The American Medical Informatics Association (AMIA), the leading professional association for biomedical and health informatics professionals, will honor Joanna Abraham, PhD, with the New Investigator Award at AMIA’s Annual Symposium, November 16-20 in Washington, D.C.
This prestigious award recognizes an individual for early informatics contributions and significant scholarly contributions based on scientific merit and research excellence.
“We congratulate Dr. Abraham on receiving this esteemed award,” said Michael Avidan, MBBCh, Dr. Seymour and Rose T. Brown Professor of Anesthesiology and Head of the Department of Anesthesiology. “This recognition is a wonderful honor and we’re very fortunate to have her as part of our department.”
Dr. Joanna Abraham is an Assistant Professor in the Department of Anesthesiology and at the Institute for Informatics (I2) at Washington University School of Medicine in St. Louis. She is an interdisciplinary researcher with training in computer science, biomedical informatics, and human-centered design.

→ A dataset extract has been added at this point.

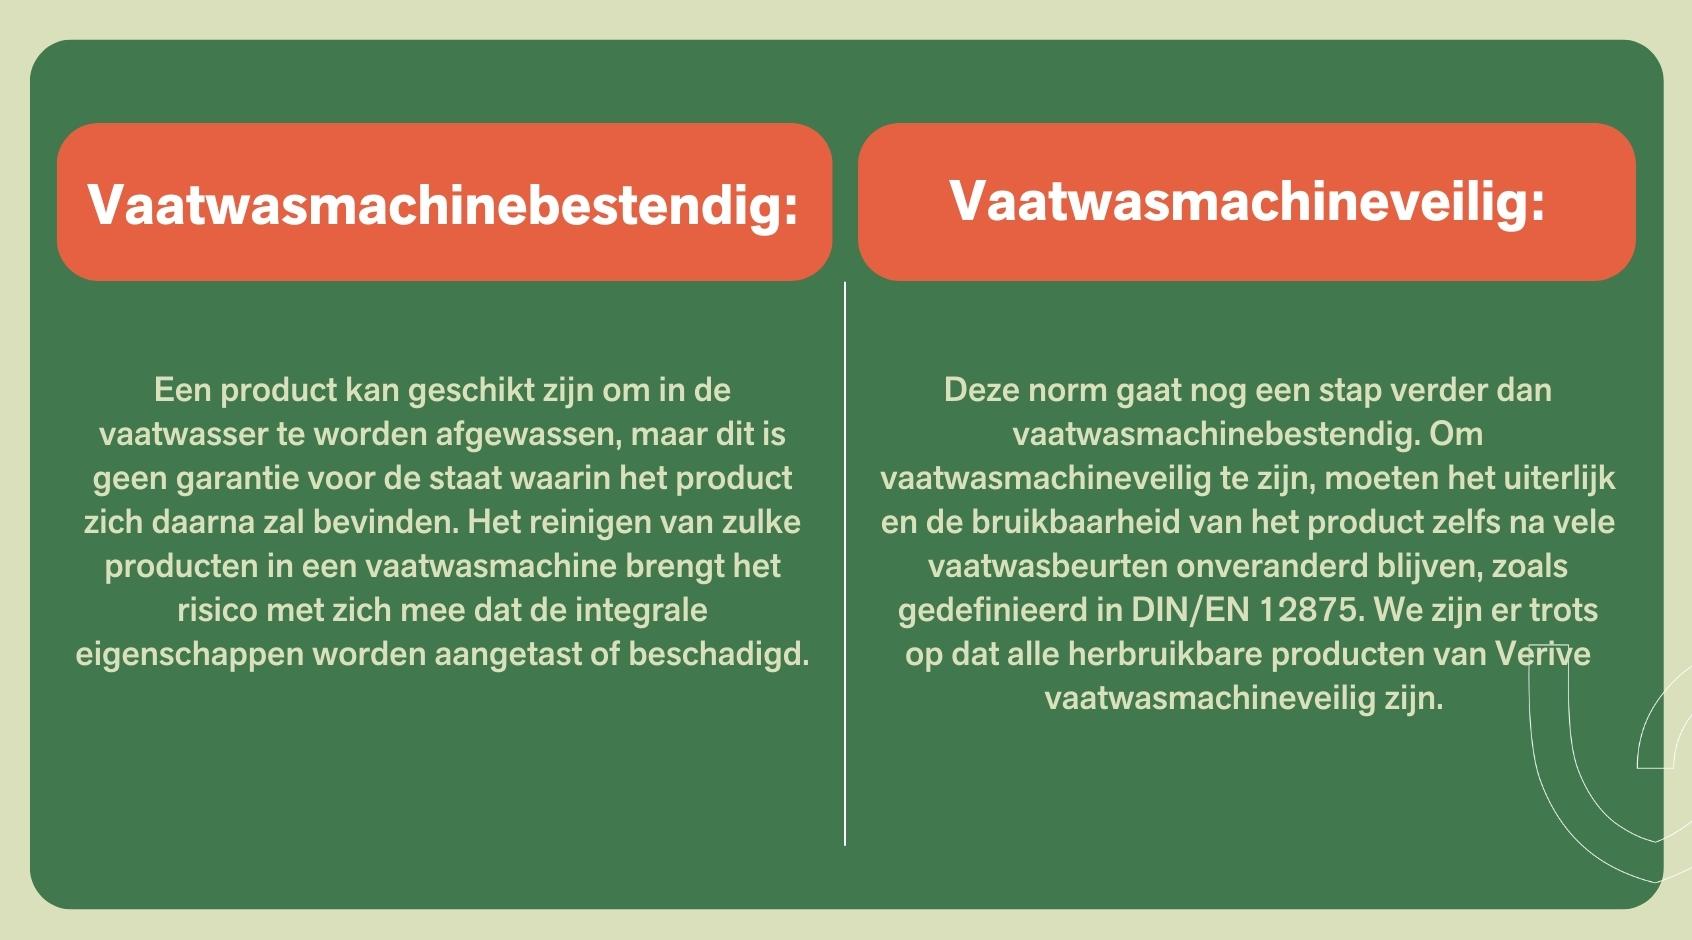 Vaatwasmachinebestendig vs. Vaatwasmachineveilig

Dr. Abraham’s research program targets the development of collaborative systems to deliver coordinated and safer care. Her research focuses on streamlining clinical workflows in a variety of domains, including handoffs and care transitions, care coordination, clinical decision making, and medication ordering. In these domains, her research emphasizes the design and evaluation of health information technologies for continuous and sustained improvements to patient safety.
Centered on techniques of working “in the clinical wild,” Abraham’s research translates these techniques into applied products that are meaningful for healthcare practice, and into novel theoretical and methodological frameworks that can drive the direction for future research.
Dr. Abraham has received an AMIA distinguished paper award and research mentoring awards at previous institutions and has also served on a special task force on handoffs and care transitions for the U.S. Department of Health & Human Services. Currently, she chairs the AMIA Diana Forsythe Awards committee, sits on the editorial board of JAMIA Open, and has participated in multiple scientific program committees for AMIA, Human Factors in Healthcare and Computer-Supported Cooperative Work and Social Computing. Her research is supported by extramural funds from the Agency for Healthcare Research and Quality and the National Science Foundation.
She earned her PhD from Pennsylvania State University. Before Washington University, she was at the University of Illinois at Chicago, The New York Academy of Medicine, and the University of Texas Health Science Center.